◆ **Work task**
Write out the material below again, line for line, without any images.

◆ **Data section**
· · · · · · ·
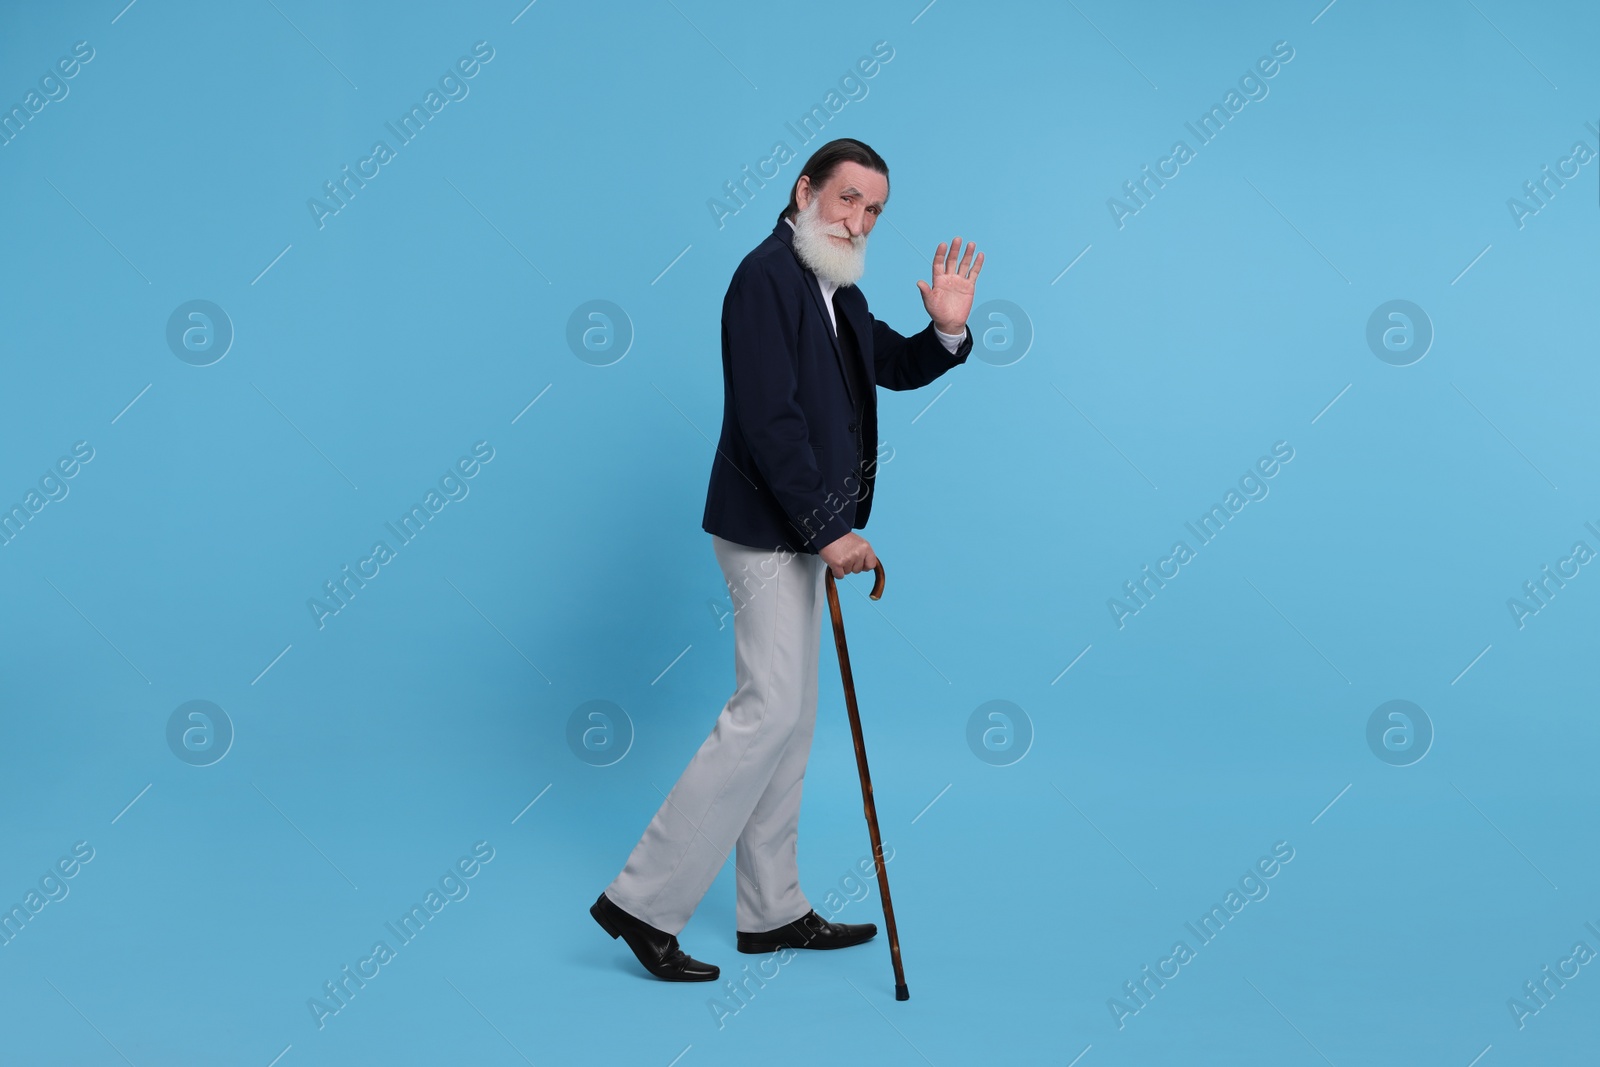 Photo of Senior man with walking cane waving on light blue background
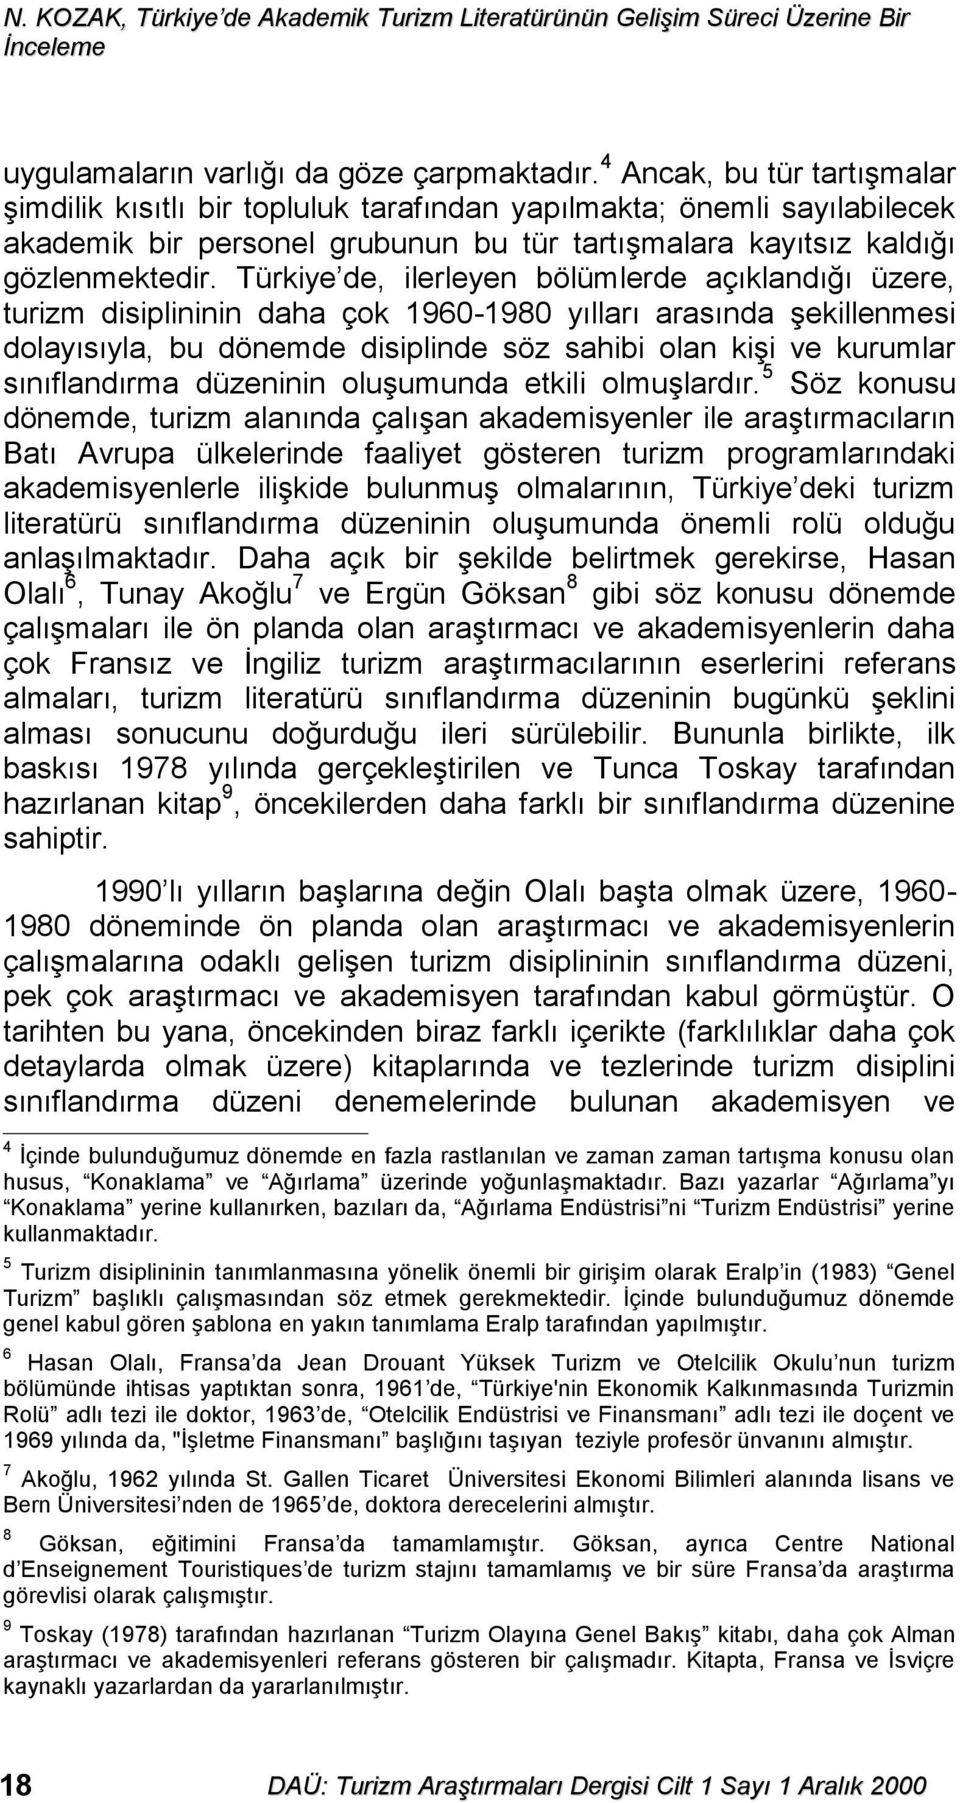 Türkiye de, ilerleyen bölümlerde açıklandığı üzere, turizm disiplininin daha çok 1960-1980 yılları arasında şekillenmesi dolayısıyla, bu dönemde disiplinde söz sahibi olan kişi ve kurumlar
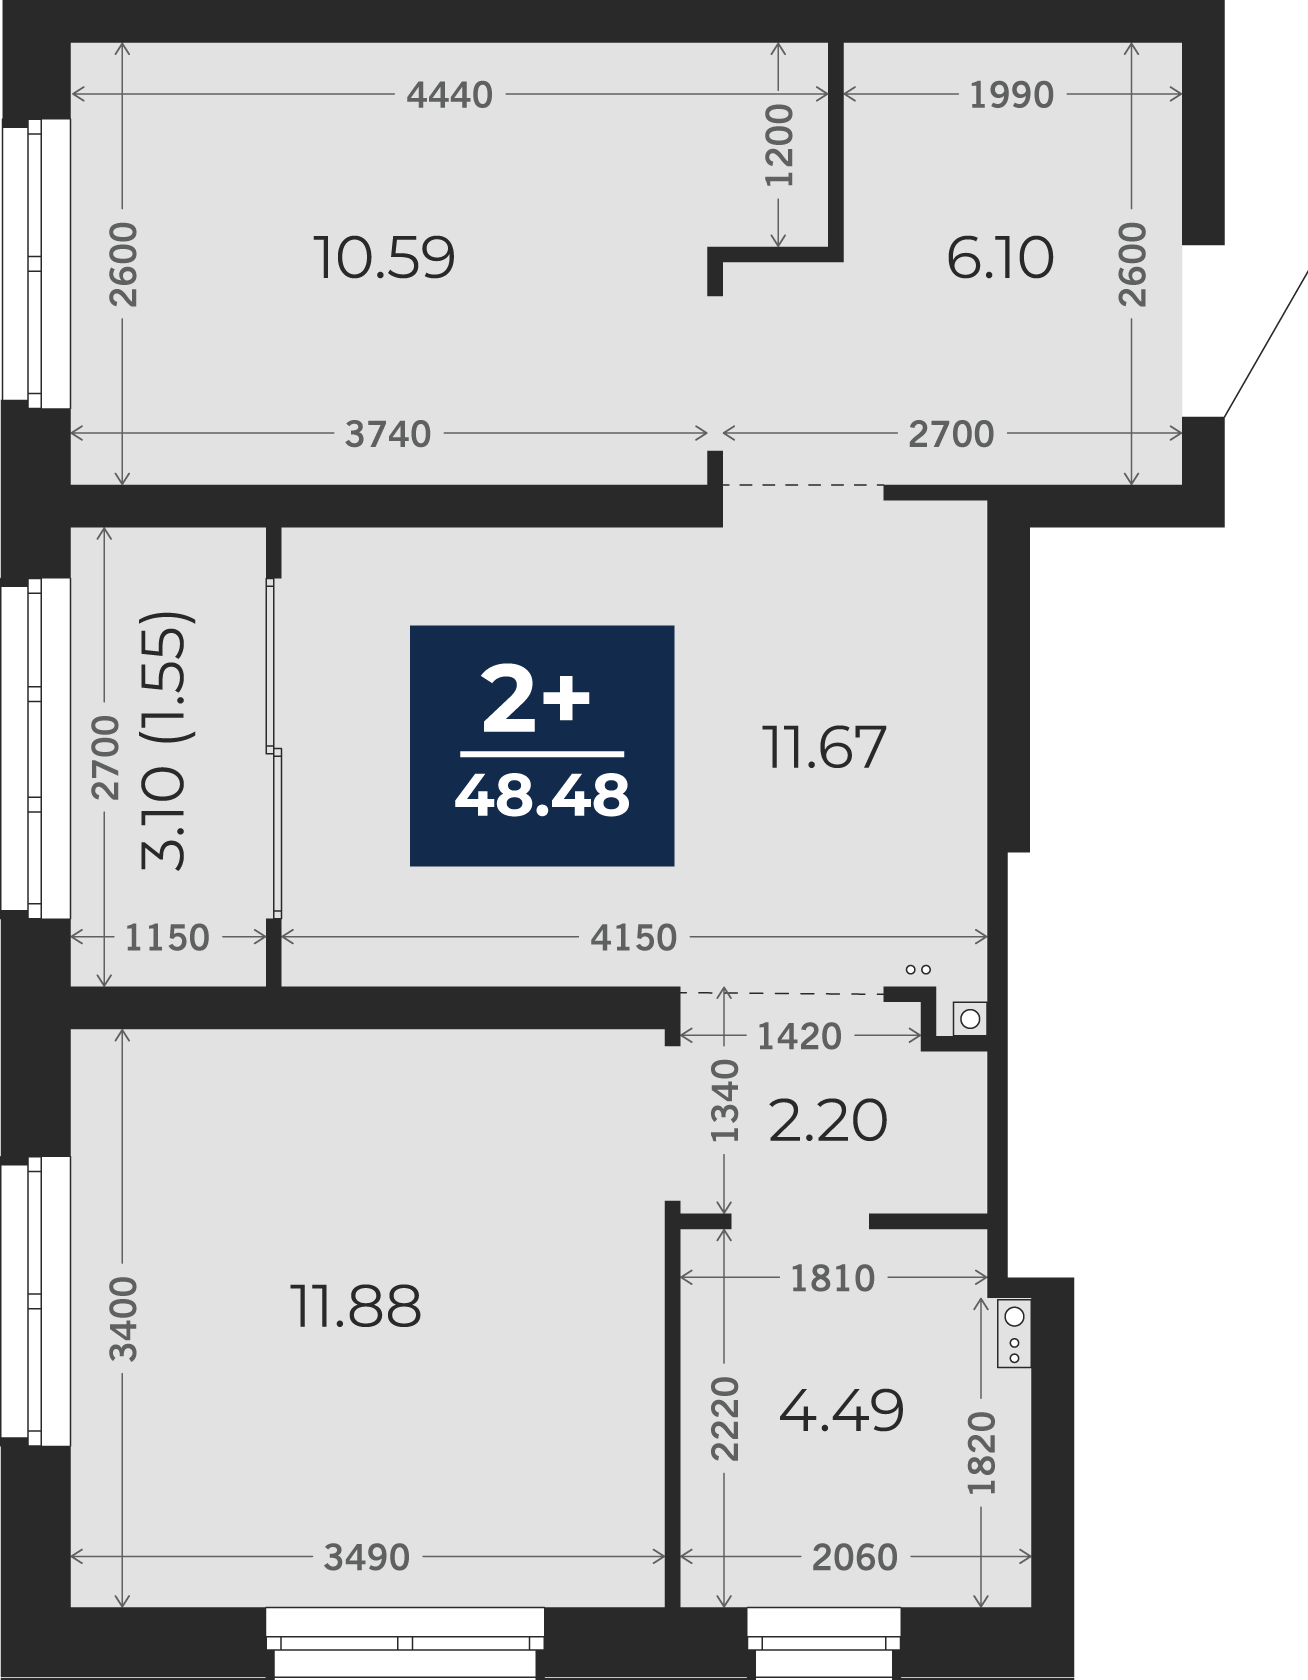 Квартира № 95, 2-комнатная, 48.48 кв. м, 10 этаж
· · · · · · ·
◆ **Output of the task**
 Photo of Senior man with walking cane waving on light blue background
 Türkiye de, ilerleyen bölümlerde açıklandığı üzere, turizm disiplininin daha çok 1960-1980 yılları arasında şekillenmesi dolayısıyla, bu dönemde disiplinde söz sahibi olan kişi ve kurumlar
 Квартира № 95, 2-комнатная, 48.48 кв. м, 10 этаж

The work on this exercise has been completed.